We are excited to bring Transform 2022 back in-person July 19 and virtually July 20 – 28. Join AI and data leaders for insightful talks and exciting networking opportunities. Register today!
Let the OSS Enterprise newsletter guide your open-source journey! Sign up here.
If there’s one thing the enterprise world doesn’t have a shortage of, it’s data. But access to data doesn’t necessarily equate to useful, contextualized information that’s easy to search and derive insights from.

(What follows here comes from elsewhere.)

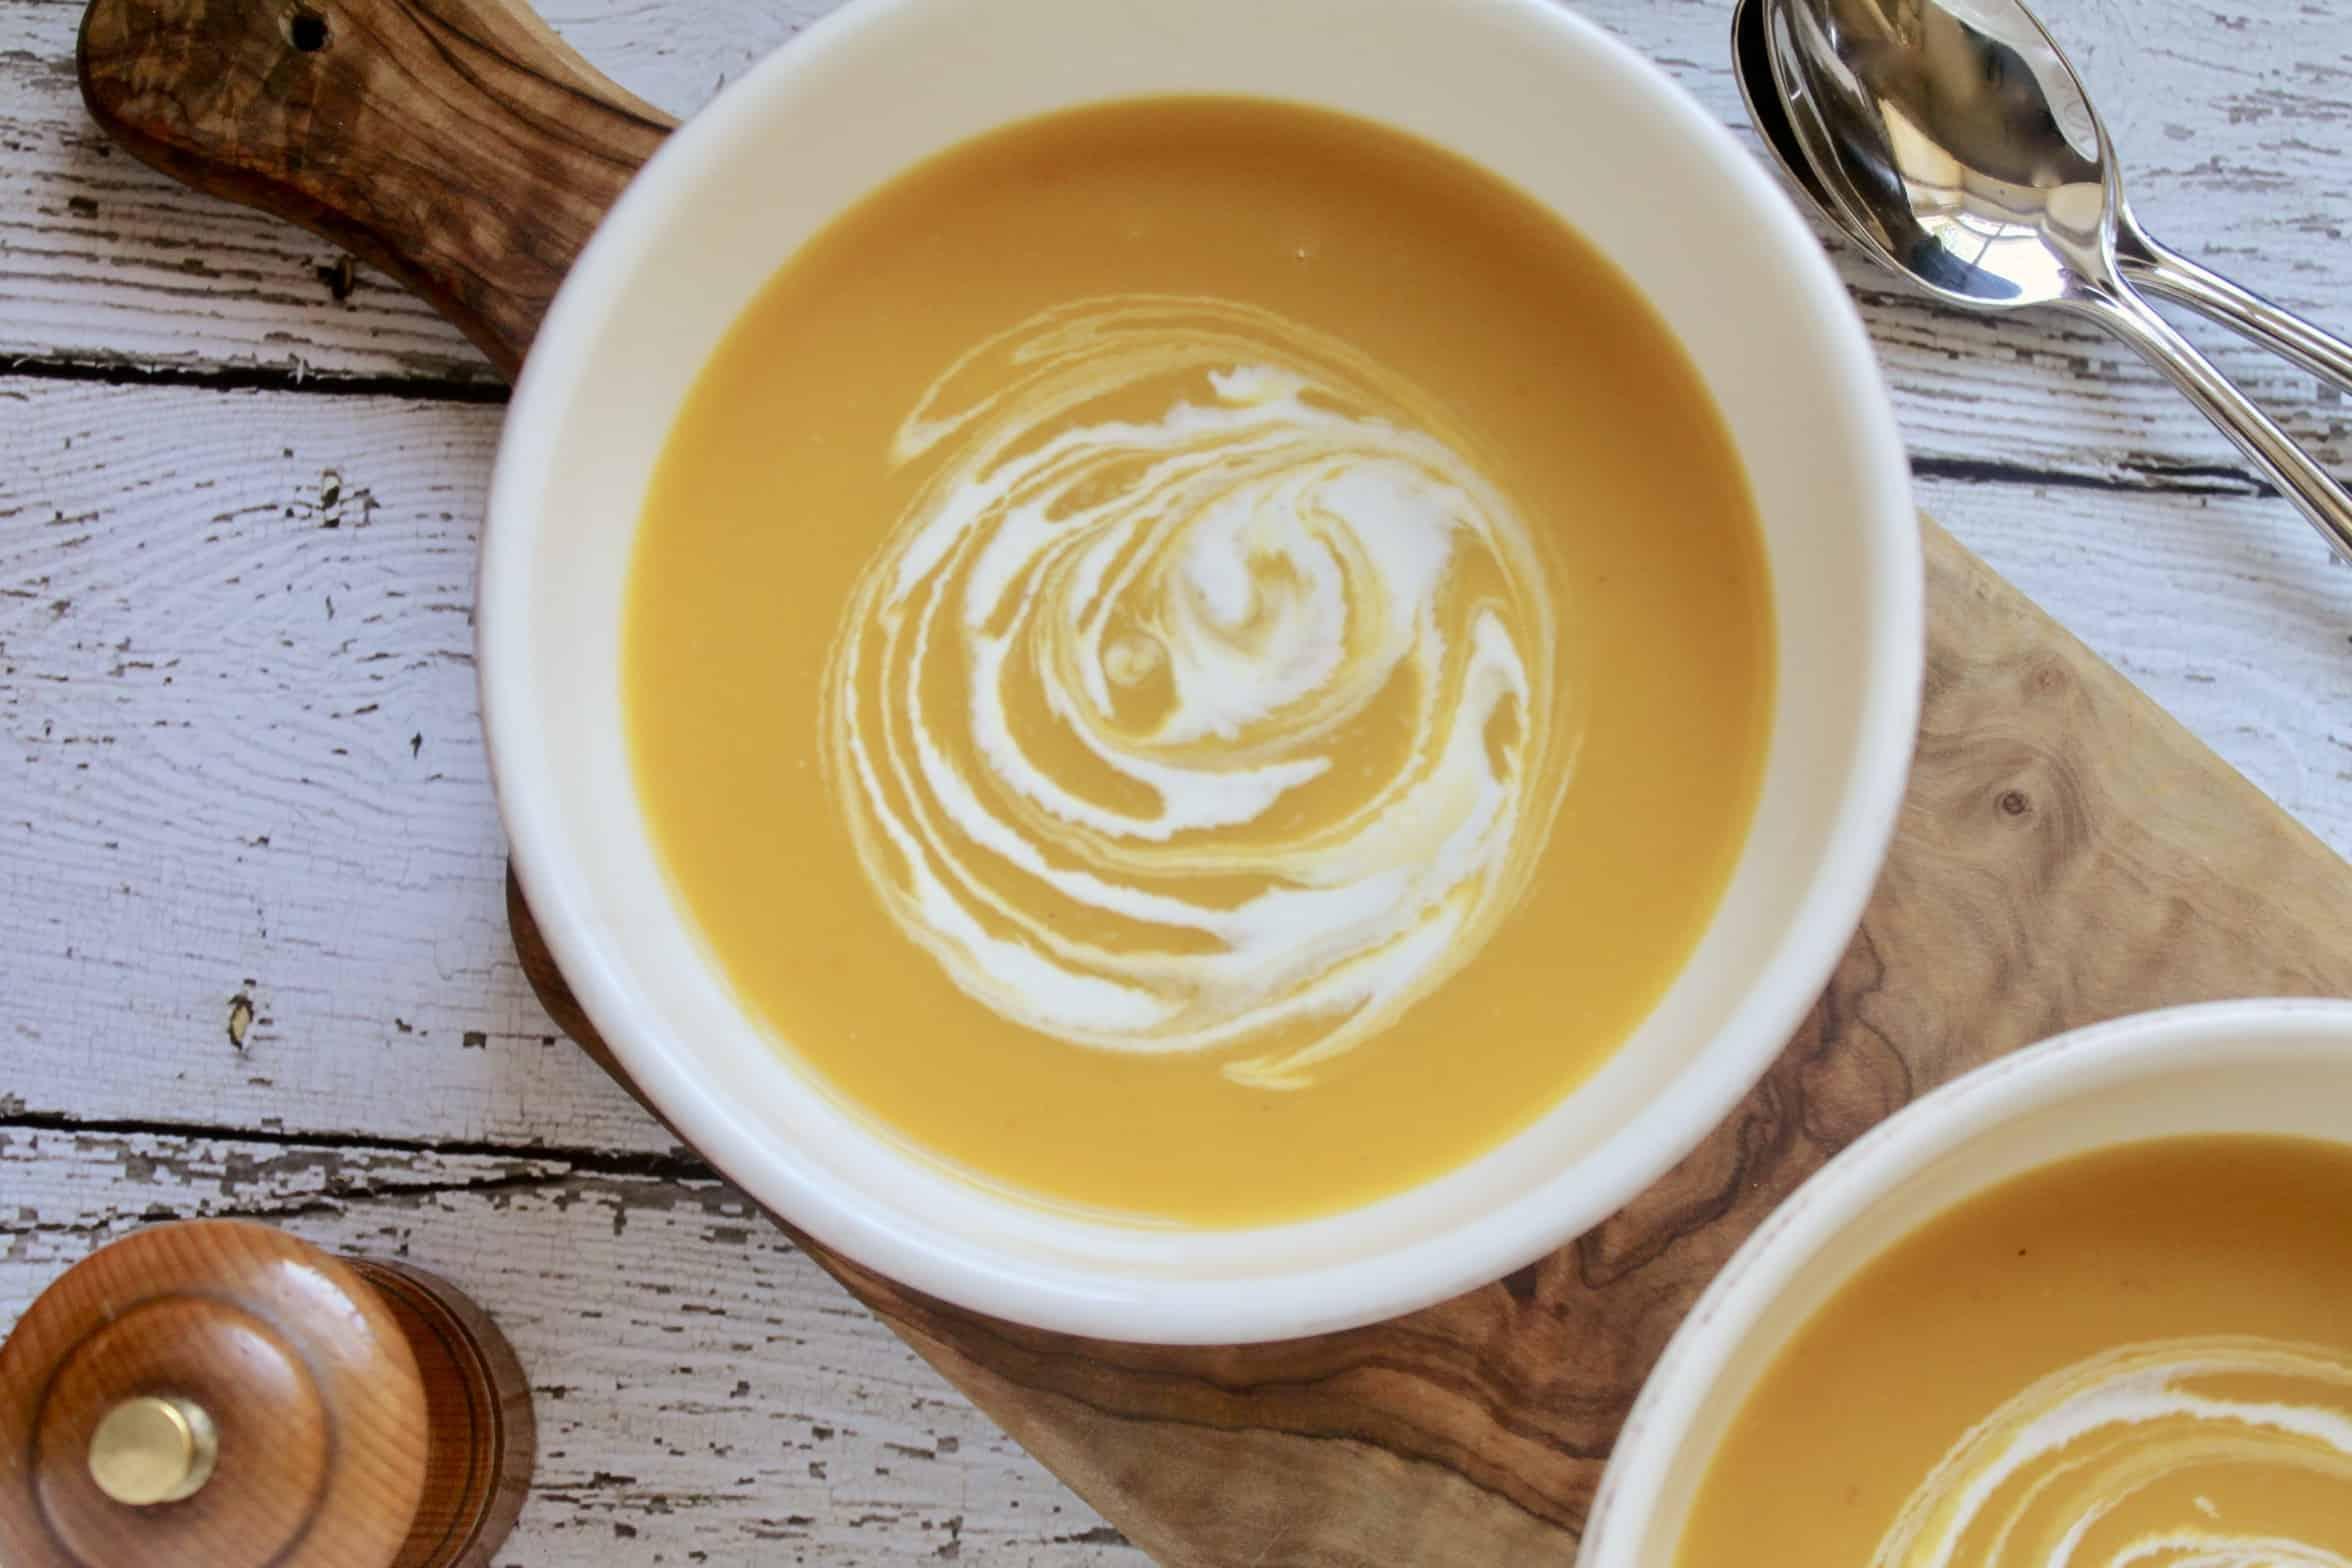 soup with cream swirl

The holy grail of information retrieval, arguably, is the ability to search vast data repositories using simple, plain-English (or whatever your mother tongue is) queries — natural language processing (NLP) is the name of the game. And this is something that German company Deepset is setting out to solve, with an open-source NLP framework called Haystack that enables developers to build pipelines for myriad search use-cases.

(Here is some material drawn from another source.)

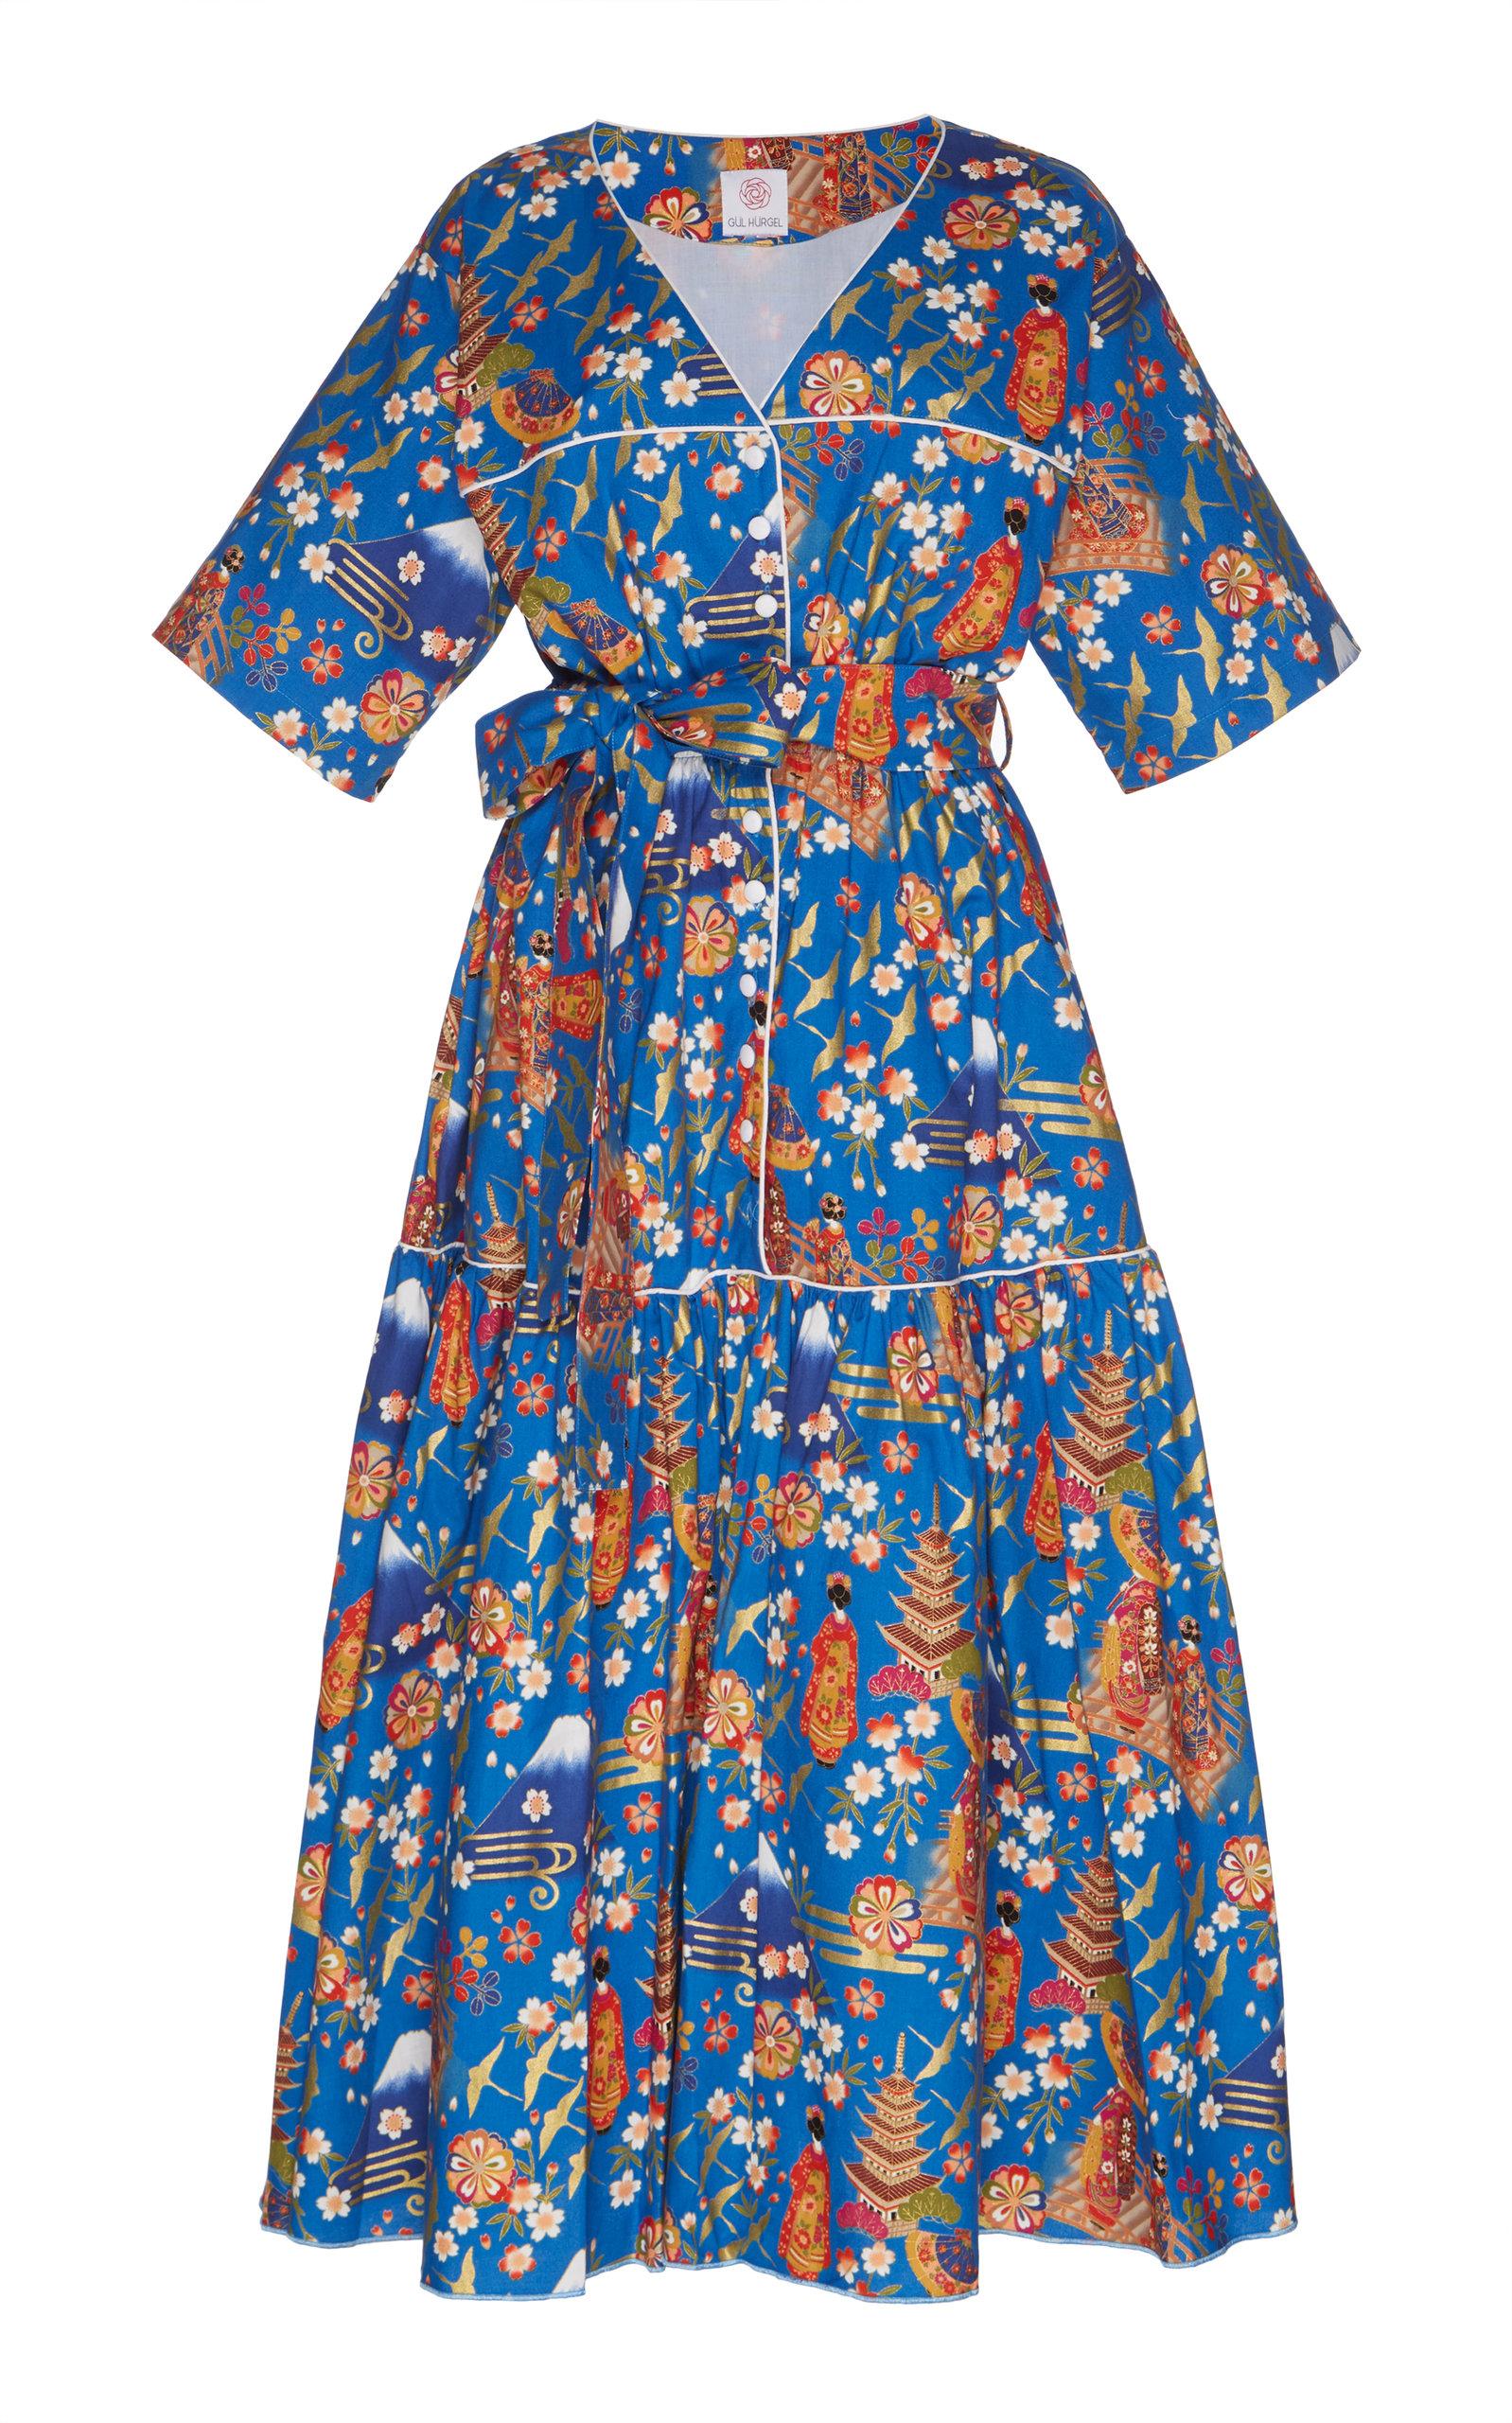 GÜL HÜRGEL Belted Midi Dress in Floral

Founded in 2018, Deepset started work on Haystack in 2019, and released the first incarnation of the open-source project the following May. In the near two years since, Haystack has attracted nearly 100 contributing developers from around the world, with thousands of organizations such as Alcatel Lucent using the open-source product, and many companies such as aerospace giant Airbus paying Deepset to provide professional support and services on top of Haystack.
It was these initial revenues that enabled Deepset to bootstrap its growth over the past few years, and today the Berlin-based company is unveiling a new cloud-based product that ushers Haystack into the modern enterprise software-as-a-service (SaaS) realm. Deepset is also announcing a $14 million series A round of funding led by Alphabet’s venture capital arm GV, with participation from a slew of institutional and angel investors including founders of esteemed companies such as Cockroach Labs, Cloudera, Deepmind, Neo4J, and NGINX.
NLP for all
So, what kinds of things can developers use Haystack for? Well, anything that involves retrieving information using natural language. A company that has built a library of technical documentation for staff to search through, as Alcatel Lucent Enterprise did, can create a chatbot to let technicians ask questions or describe an issue that they’re having, and serve up the best answers from the digital documents.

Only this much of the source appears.